Seems that Norwegian officials are very concerned with the stimulus they provided (which they could because they were in a positive fiscal position to do so!), and how quickly they need to remove it before the economy gets to a point that large interest rate hikes will need to be put in place, which might squash the economic recovery… It’s a tricky situation that they have in Norway, not unlike other countries that have injected stimulus into their economies to help economic growth… But Norway, has already hiked rates once… And are on the docket to hike them again in the first quarter of 2010…

I think it’s “all good” for Norway… The wider interest rate differentials versus the Eurozone, the US and Japan, is “all good” for the krone (NOK)… I see interest rates going to 1.75% early in 2010, and end the year at 2.25%, and steadily climbing to over 4% by 2012… Of course if the economic recovery in the US ever does get on terra firma, those rates in Norway could see larger moves higher.

Gold’s price has peaked again, this time moving to $1,167! I saw one brokerage house’s metals guy say that strike prices on gold futures will soon be $1,200! WOW! All you have to do is take a look at the gains in gold to know that it’s a risk on day!

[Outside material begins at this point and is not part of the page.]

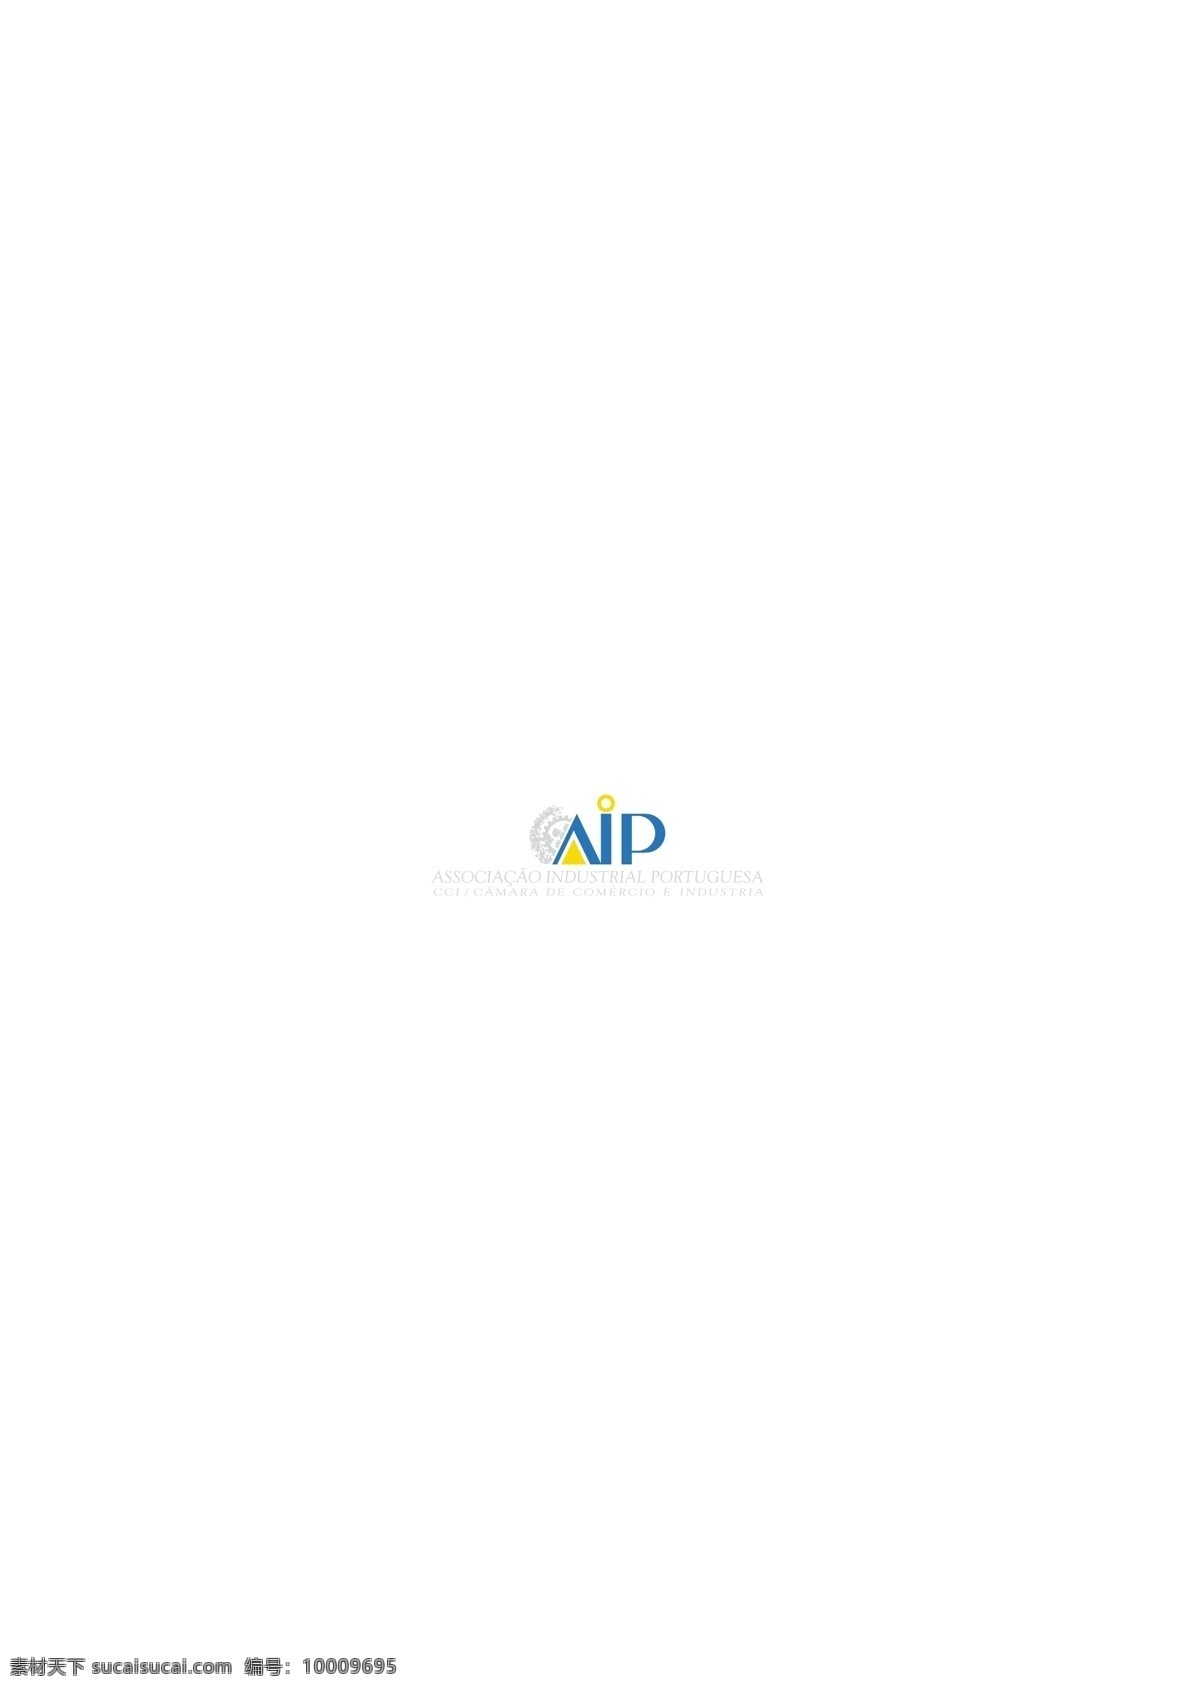 aip logo大全 logo 设计欣赏 商业矢量 矢量下载 工业 标志 标志设计 欣赏 网页矢量 矢量图 其他矢量图

I was giving an interview with Kiplinger’s on Friday, and the writer, who was very well informed on what was going on in the economy, asked me why to invest in gold in this deflationary period? I told him that while we might not have wage inflation for some time, we will experience monetary inflation, from all of the stimulus, and money supply… And that “astute investors” were buying gold now to protect them from this monetary inflation, rather than waiting for the monetary inflation to hit us right between the eyes, and buying it at much higher prices then… Inflation fears…

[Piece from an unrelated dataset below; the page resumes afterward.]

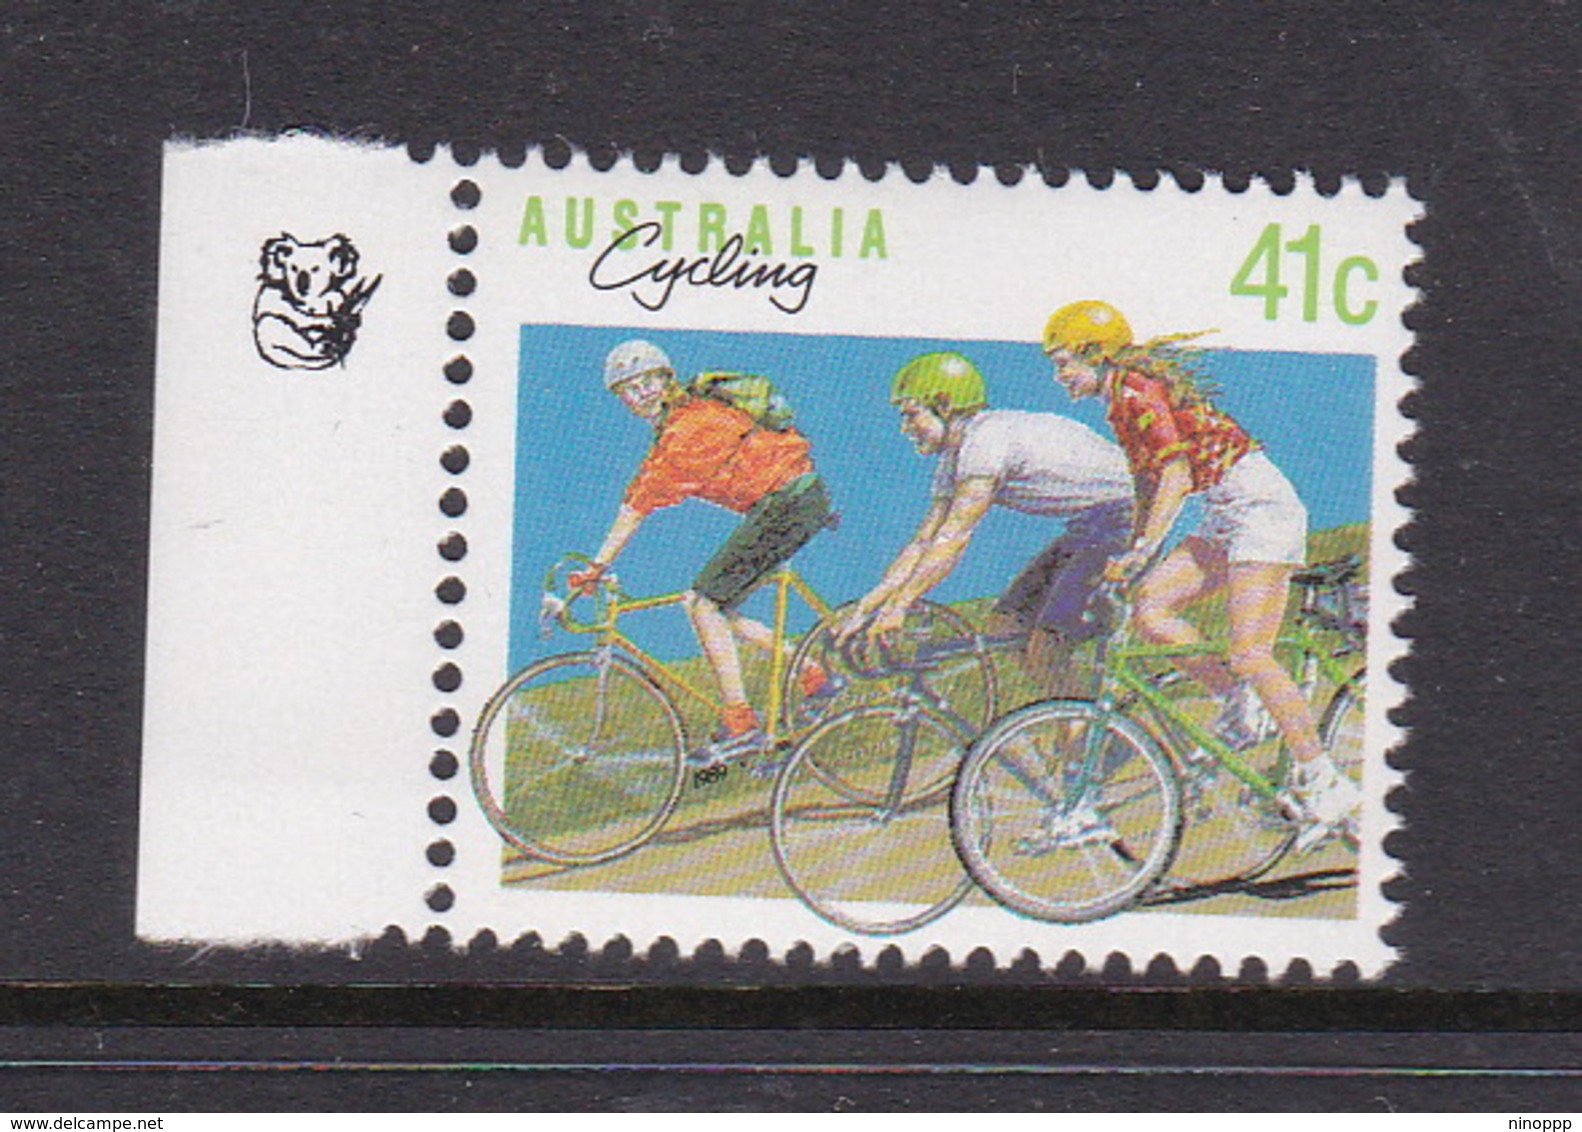 Australia ASC 1208b 1989 41c Cycling 1 Koala Reprint ,mint Never Hinged - Proofs & Reprints

So… With gold reaching new record levels, the rest of the commodities are booking profits too… And more important to us is that the commodity currencies are pushing higher versus the dollar again… Recall last week when I told you that the commodity currencies had lost the most in the risk off session because they had booked the largest gains versus the dollar previous to the risk off session… Well… The commodity currencies are back to their old tricks, and pushing the envelope to gains versus the dollar, this morning.

Aussie (AUD), kiwi (NZD), loonies (CAD), krone, rand (ZAR), and reals (BRL) are all much stronger this morning, than they were on Friday morning. I read on Friday that New Zealand’s immigration growth in October accelerated to a 5-year high, which traders viewed as positive for the economy, thus pushing kiwi higher.

Outside the commodity currencies… The Big Dog, euro (EUR), which looked like it was about to give back some huge gains on Friday, is nearing 1.50 again! More lives than a cat! The Eurozone PMI (manufacturing index) printed weaker than forecast, but still hit a 2-year high of 53.7…

A reader asked me to comment on something that was written in a newsletter that they receive, about the collapse of the euro… I tell you this… If I had $100 for every time I answered someone’s claim that the euro was going to collapse, I would have enough to pay the increased taxes we all will be paying for all the wonderful things the government is doing for us! NOT!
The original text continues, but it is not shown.